4. Section 3(b)(2) of the Act provides that, notwithstanding Section 3(a)(1)(C) of the Act, the Commission may issue an order declaring an issuer to be primarily engaged in a business other than that of investing, reinvesting, owning, holding, or trading in securities directly, through majority-owned subsidiaries, or controlled companies conducting similar types of businesses. Applicant requests an order under Section 3(b)(2) of the Act declaring that it is primarily engaged in a business other than that of investing, reinvesting, owning, holding or trading in securities, and therefore is not an investment company as defined in the Act.
5. In determining whether an issuer is “primarily engaged” in a non-investment company business under Section 3(b)(2) of the Act, the Commission considers the following factors: (a) the company's historical development, (b) its public representations of policy, (c) the activities of its officers and directors, (d) the nature of its present assets, and (e) the sources of its present income.
Tonopah Mining Company of Nevada, 26 SEC 426, 427 (1947).
6. Applicant submits that it satisfies the criteria for issuance of an order under Section 3(b)(2) of the Act because Applicant is primarily engaged in the business of providing data infrastructure services, and is not in the business of investing, reinvesting, owning, holding or trading in securities.
a. Historical Development. Applicant states that, since its inception in 2014, Applicant has operated in the software and technology sector to develop comprehensive, scalable data infrastructure services for business use. Applicant states that in March 2021, the number of its customers surpassed 2,500.
b. Public Representations of Policy. Applicant states that it has consistently represented that it is engaged in the business of providing data infrastructure services. Applicant further states that it has never held and does not now hold itself out as an investment company within the meaning of the Act or as engaging in the business of investing, reinvesting, owning, holding or trading in securities. Applicant explains that in its annual reports, prospectuses, Commission filings, press releases, marketing materials, and on its investor website, Applicant's public representations consistently state its mission of pioneering a fundamentally new category of data infrastructure focused on data in motion. Applicant submits that its public representations make clear that shareholders invest in the Applicant's securities with the expectation of realizing gains from Applicant's development and sale of data infrastructure services, and not from returns on an investment portfolio. Applicant states that its only public representations regarding its investment securities are those required to be disclosed in public filings with the Commission.

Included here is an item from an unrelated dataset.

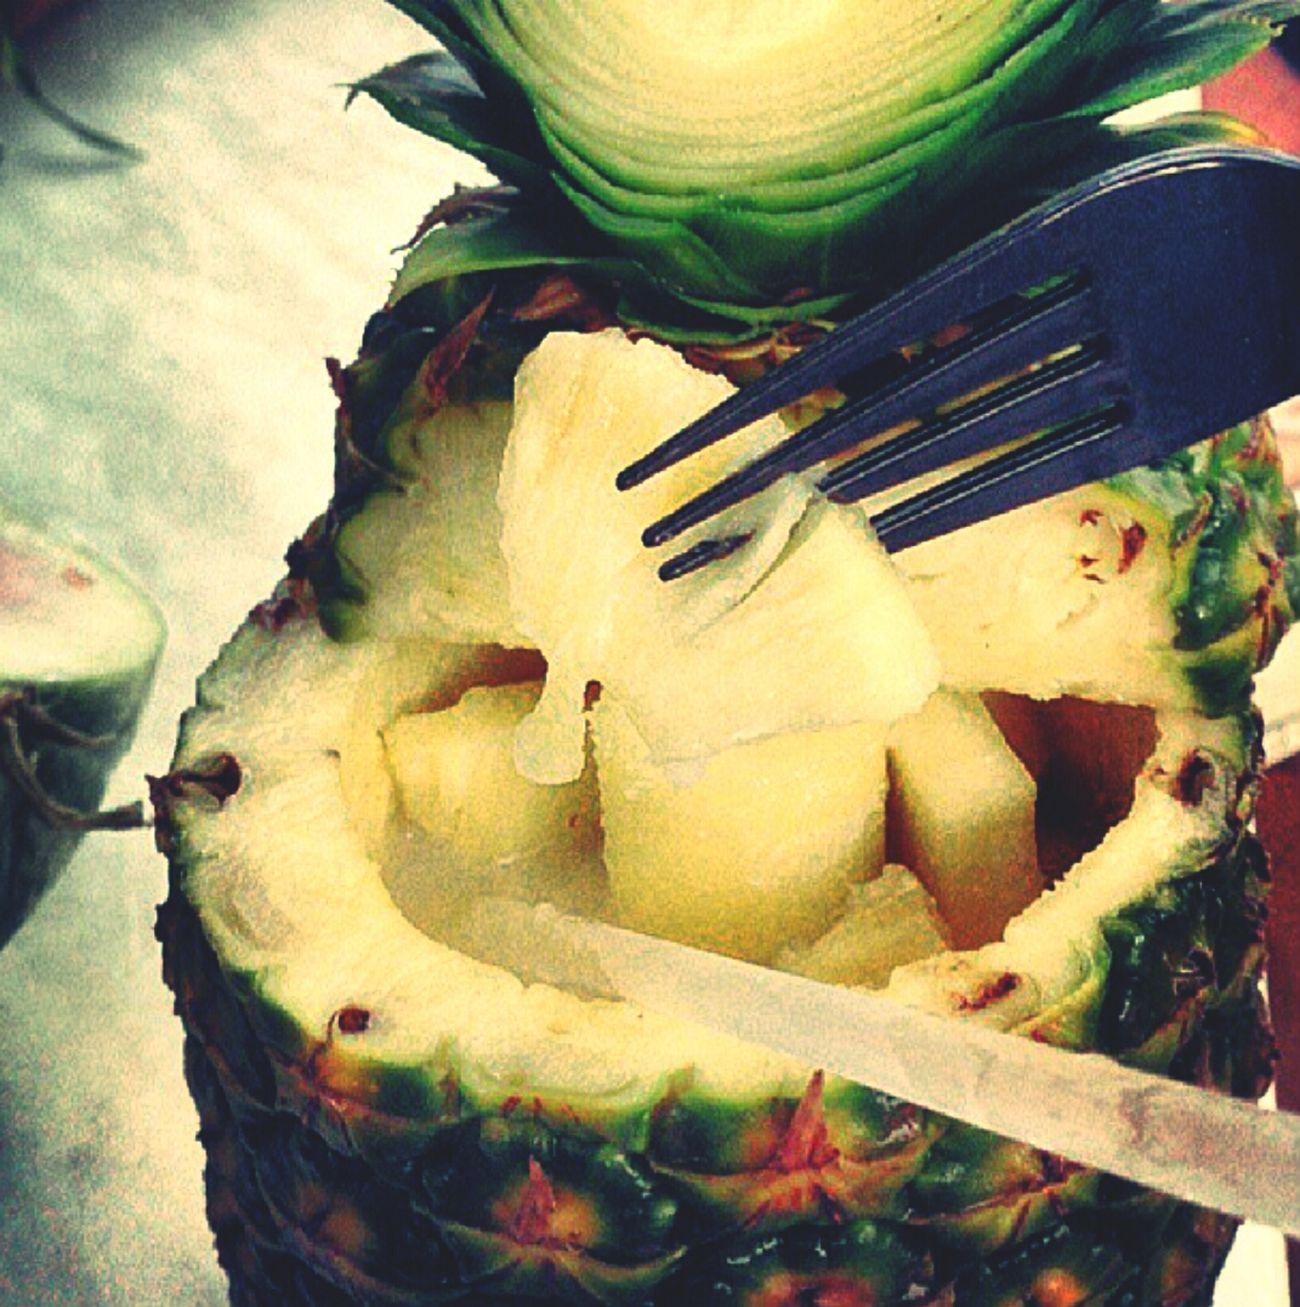 اشهى شيء لمن تكون مررررررهق ? و فجأه تاكل احلى فاكهة عندك و تكون مقطعه و داخلها عصير كراميل ??

c. Activities of Officers and Directors. Applicant represents that its officers and directors spend substantially all of their time managing the Applicant's data infrastructure services business. Applicant states that its cash management activities are managed internally by its Chief Financial Officer and externally by three investment managers, whose activities are supervised by the Chief Financial Officer. In addition, of the Applicant's approximately 2,601 employees (as of September 30, 2022), Applicant states that only two employees spend time on matters relating to the management of its Capital Preservation Instruments. Applicant states that none of its officers, directors, or employees devote or proposes to devote more than 1% of his or her time, if even that, to management of Capital Preservation Instruments on behalf of the Applicant.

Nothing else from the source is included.